This past weekend I got the tiniest glimpse of what it feels like to be part of your "day". Mother's Day. One day a year that has been designated to be Your appreciation day. How small that seems, one day. But what an outpouring of Love did I witness on that day! Not necessarily in the gifts department, but in the words department (that's one of my Love Languages, you know).
For the first time I listened to everyone's praise of their mothers with keen ears. So many thank-you's, so many I-love-you's. Simple but profound acknowledgement of all of the years of dedication that their mothers sowed into their lives. I watched all of these children, young and well grown, give tribute to the women that brought them into this world and wondered if someday my little one will say those things about me. Still in my womb, it makes me tremble to think I have this role in someone's life now. How will I wear it? What kind of mother will I be?

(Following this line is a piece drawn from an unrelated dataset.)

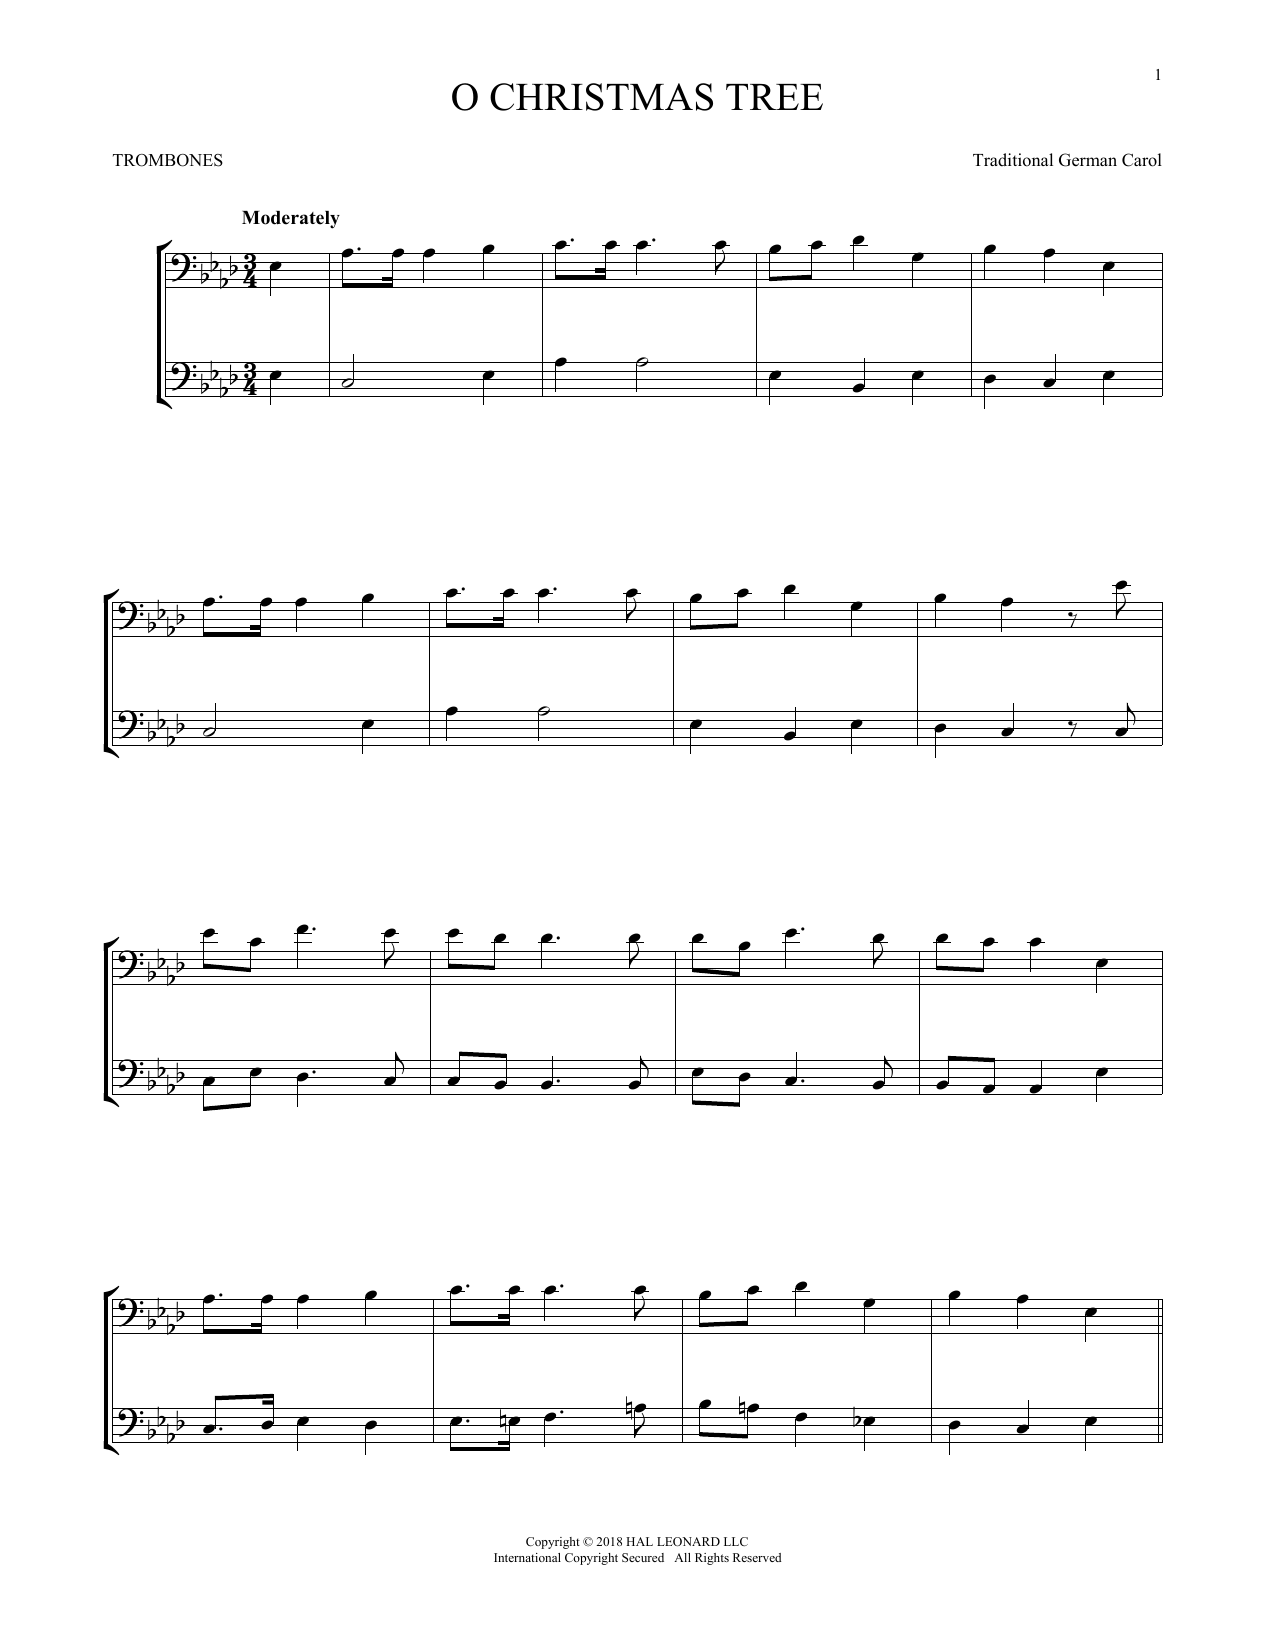 O Christmas Tree (Trombone Transcription) von Traditional German Carol

For the first time I saw the women in my life who have been mothers all this time for the Selfless, Brave, Loving people they must be. Until now I have not imagined their sleepless nights, their countless decisions, their hopes and their fears. I find myself imagining these things now. I haven't held my child outside of my body yet, but it must change you, call you to be more than you ever thought you could be. How does that happen? How do you suddenly become capable of so much subtle sacrifice and fierce love?
For the first time I felt a kinship with all of them, felt somehow invisibly connected with all of the mothers that are and have been. Something about my womanhood has clicked and I feel it humming through my bones. I get to partake in this rite of passage that has been the way Life is ushered in since our beginning. Mothers have been walking this path for centuries - How I crave their collected wisdom. I have so much to learn, but I somehow feel safe knowing that it's been done countless times before.
For the first time I wanted to reach out and hug every mother I know. I wanted to tell her how precious she is, how priceless is the work she does, and how much I admire her. It seems so small, Mother's Day, for such a big job. As one of my Favorite Bloggers says, it's Kingdom work, this raising of souls, this molding of little people. What an incredibly daunting, humbling task.
So now that the day has passed, the cards have been sent and the flowers stand in vases, I want to thank all the mothers that I know. Thank you for rising up to the challenge of nurturing the Lives that have been placed in your care. You are some of the bravest people I know, and I hope you know how AMAZING you are.